マンションの規約によって、専有部分の工事であっても基本的に管理組合の許可、上下左右の住民の同意が必要とされる場合がほとんどです。特に共有スペースに変更を加えるのはハードルが高いです。
また規約は管理組合の決議によって変わる可能性があります。今の規約がずっと変わらないという保証はありません。
住居改修の条件がとても緩いと思って購入したのに、その後の規約の改定によってとても厳しくなってしまうこともあり得るのです。できるだけ管理組合の総会へ出席し、発言しておいた方が良いです。
共有スペースもバリアフリーになっているか?
具体的には廊下やエントランスホールや駐車場などです。
室内はバリアフリーになっていても駐車場までの距離が非常に長かったり、ドアが多かったり、段差があったりする場合があります。
また、最近のマンションはデザイン性が高く床材に大理石やインターロッキングなどさまざまな素材が使用されています。大理石は濡れると非常に滑りやすいものもありますし、インターロッキングは小さな段差が出来ることがあります。
それぞれの素材により一長一短がありますのでデザイン性だけにとらわれない見方も必要です。
1.6介護保険と補助金を積極的に利用しよう
日本には介護保険という素晴らしい制度があります。
将来体が不自由になって介護認定を受けると、手すりや段差の解消などの改修費の9割を公費で支給してもらえます。(上限20万円)
他にも押し車や車椅子をレンタルする事も出来ます。
市町村によっては介護保険で対応しきれない費用を補助しているところもありますので、自分の住んでいる地域にそういった制度がないか確認してみるとよいと思います。
公費負担制度の利用を考えると、新築時はバリアフリーにだけはしておいて手すりなどが必要になれば利用できる公費制度を調べてから改修するのが一番良いかもしれません。(それでもやっぱり中二階は改修費用がかさみます)
住宅のバリアフリーのポイント
- 将来バリアフリーにできる家にしておくことが大前提。
- 新築時の手すりは必要最小限にしておき、必要時に付ける。
- 1階だけの生活でも成り立つ導線・間取りにする。
- マンションは利点もあるが規約と共有スペースを詳しく確認。
- 介護保険や市町村の補助金情報を仕入れておく。
2.家族関係のバリアフリー
前半でお話ししたバリアフリーの家に住んでいるにもかかわらず、病院から退院する時に家に帰れない患者さんって結構多いです。
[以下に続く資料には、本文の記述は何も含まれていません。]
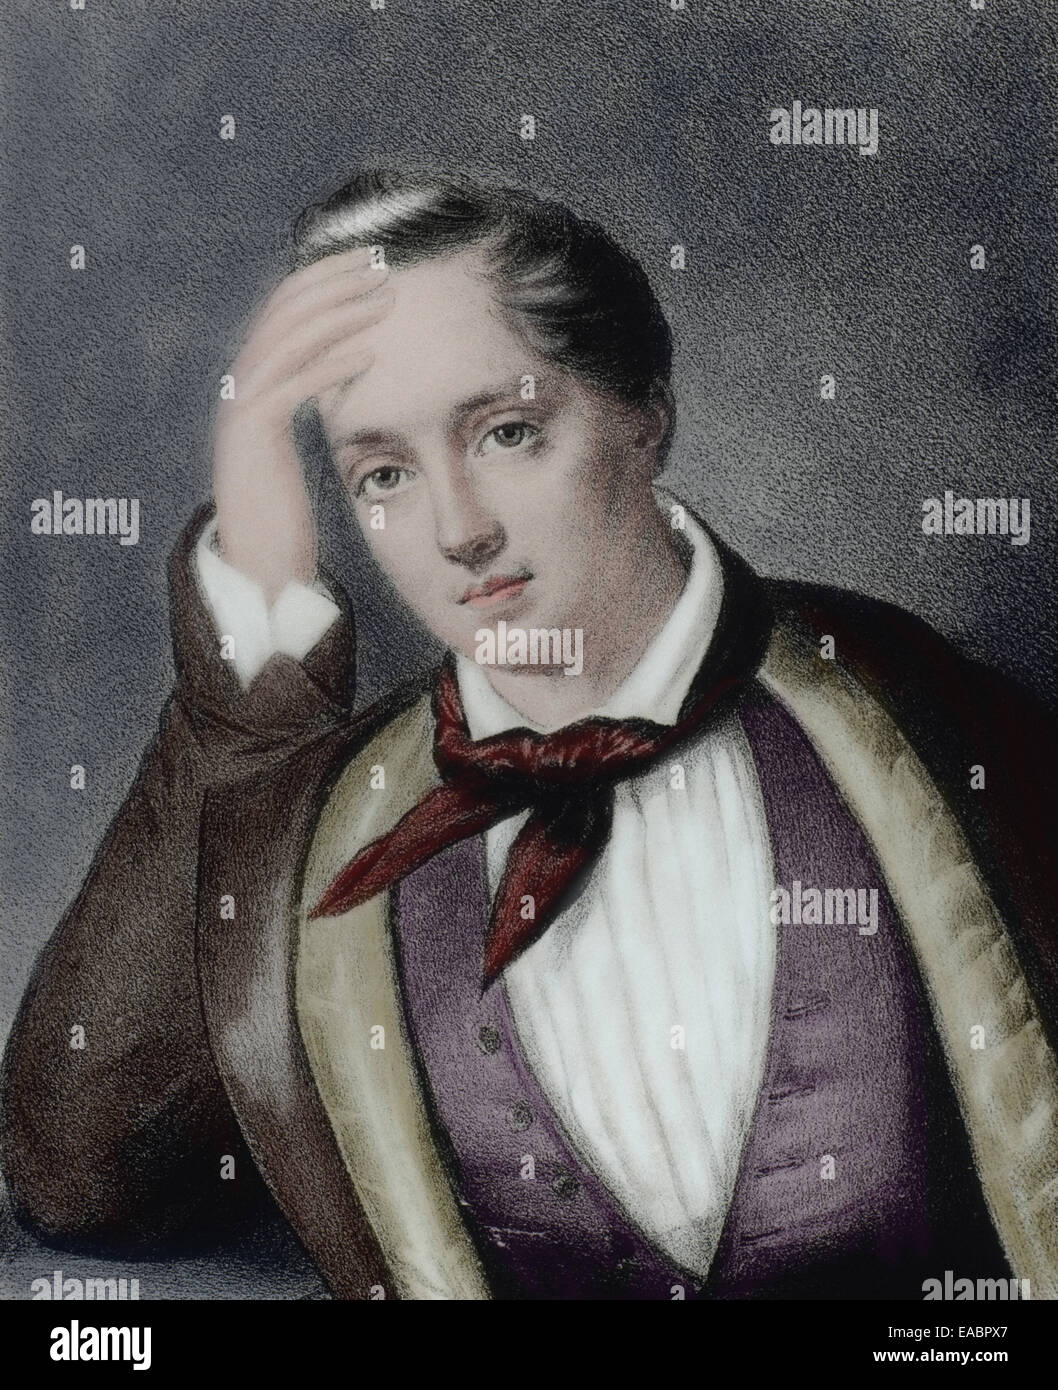 Yevgeny Baratynsky (1800-1844). Russian poet. Romanticism style. Portrait. Engraving. Colored. Stock Photo
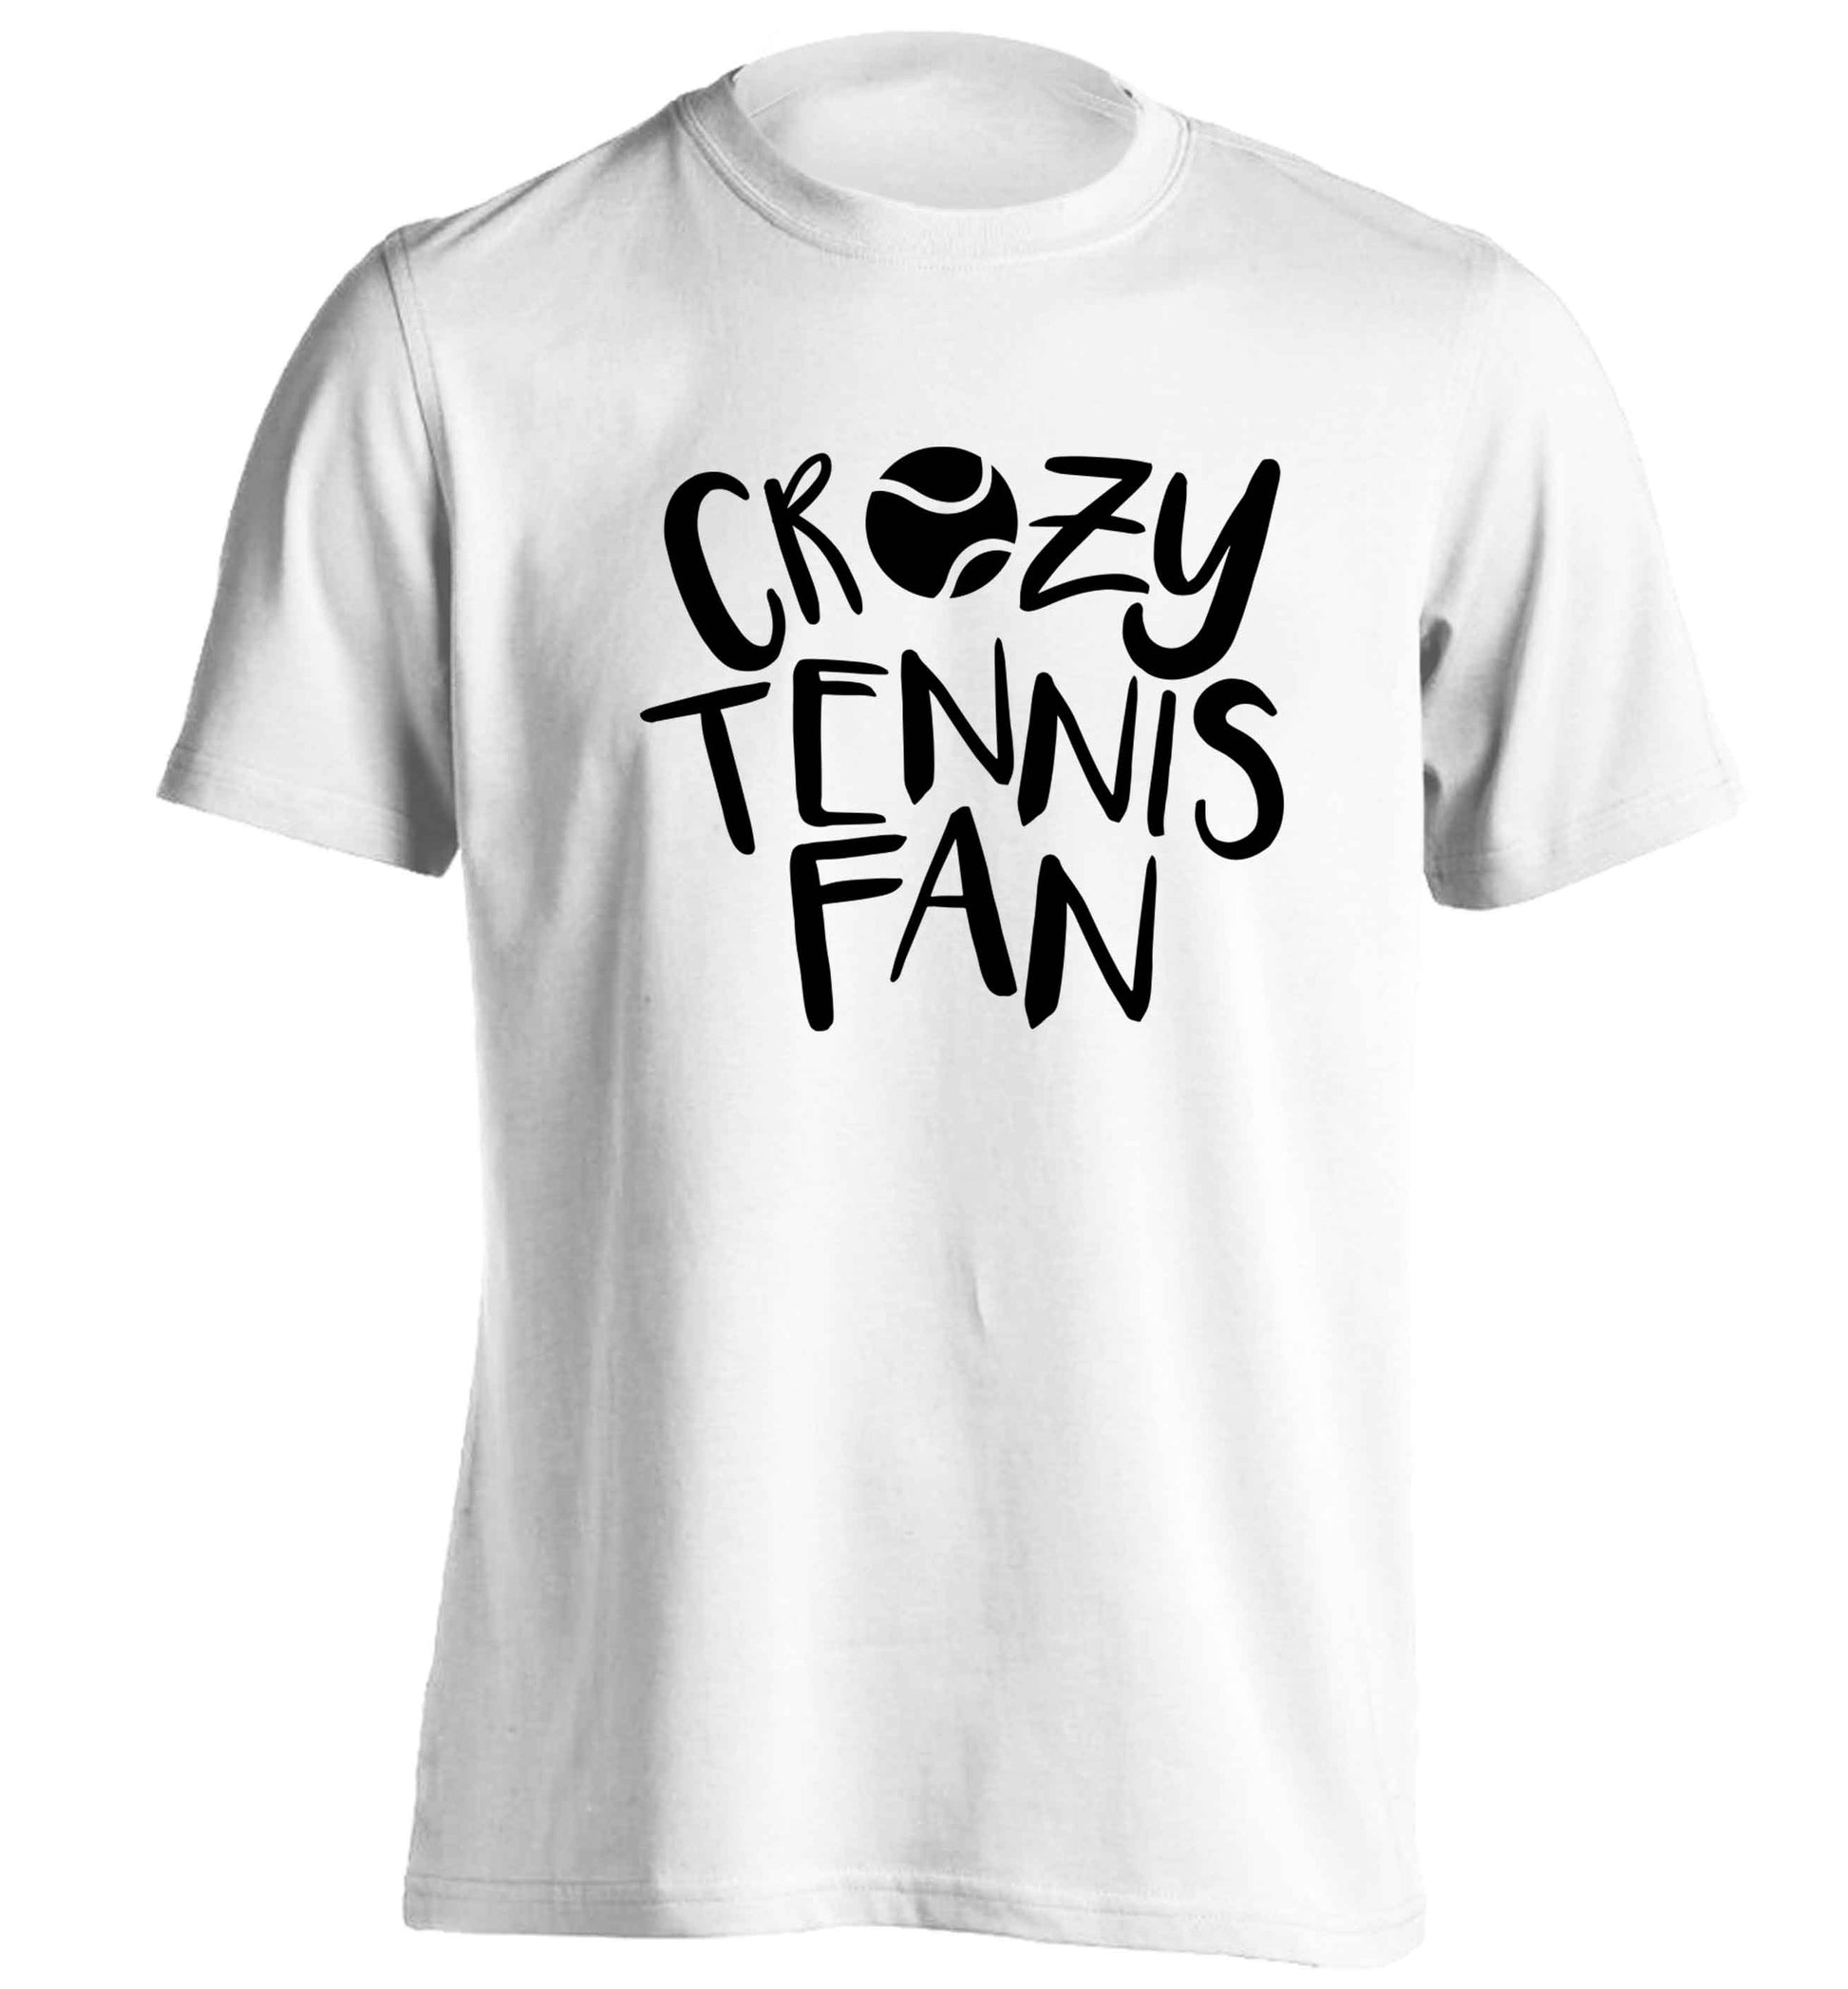 Crazy tennis fan adults unisex white Tshirt 2XL

最近の家はバリアフリーが標準仕様の家も多いので、段差の少ない家に住まれている高齢の方も多いのですがそれでも家には帰れません。
不思議な事に本当はすぐに家に帰りたいのに「もっと歩けるようにならないと帰れない」「まだ足が痛いから帰れない」など、本心とは逆の事を言う患者さんも多くいます。
何故か?
同居する家族が拒むからです
同居家族と患者さんの間にできた心の壁
以下は病院でよくある医師と家族とのやりとりです。
医師:
おばあちゃんの足の骨折も良くなりましたよ
リハビリも頑張られてだいぶ歩けるようにもなったみたいですね
病院内でも一人で杖で歩けています
おばあちゃんも「入院前と変わらない」と言っていました
ここまでくれば大丈夫でしょう
おめでとうございます
退院していいですよ
家族:
先生!こんなんじゃ困ります!
もっと元気に歩けるようになってもらわないと
私たちも仕事が忙しいので面倒も見られませんし
おばあちゃん一人で何でもできるようになってもらわないと帰って来てもらっては困ります!
医師:
そうですか
そういう事でしたら退院してからすぐに家に帰るのではなく、一度介護保険施設に入所してリハビリを続けてみてはどうでしょうか?
そこで元気になってから自宅に帰るのでしたら退院しても大丈夫ですか?
家族:
はい、それなら大丈夫です
そうしてください
先生、ありがとうございます
こういうケースはとても多いです。
施設に行った後にリハビリを続ける事で自宅に帰られる方は残念ながら少数です。
そもそも90歳前後のご老体です。
入院する前から杖をついたりしながらやっと歩いて生活していた方ばかりです。
私は理学療法士なので患者さんの歩行機能を改善させるプロですが、90歳のおばあちゃんを20歳のお姉ちゃんにする事は出来ません。
もうお分かりかと思います。
家のハード面が問題なのではありません。
患者さんの歩行能力が問題なのではありません。
患者さんの家なのに、家族が家に入れてくれないのです。
なにより悲しいのは患者さんが家族の気持ちを察している事です。
『家に帰っても自分の居場所がない』
『家族が自分の退院を嫌がっている』
患者さんによっては家族に何と言われようとすぐに退院される方もいらっしゃいます。しかし、家族の気持ちを察して自ら退院できない理由を並べる患者さんがいらっしゃることも事実です。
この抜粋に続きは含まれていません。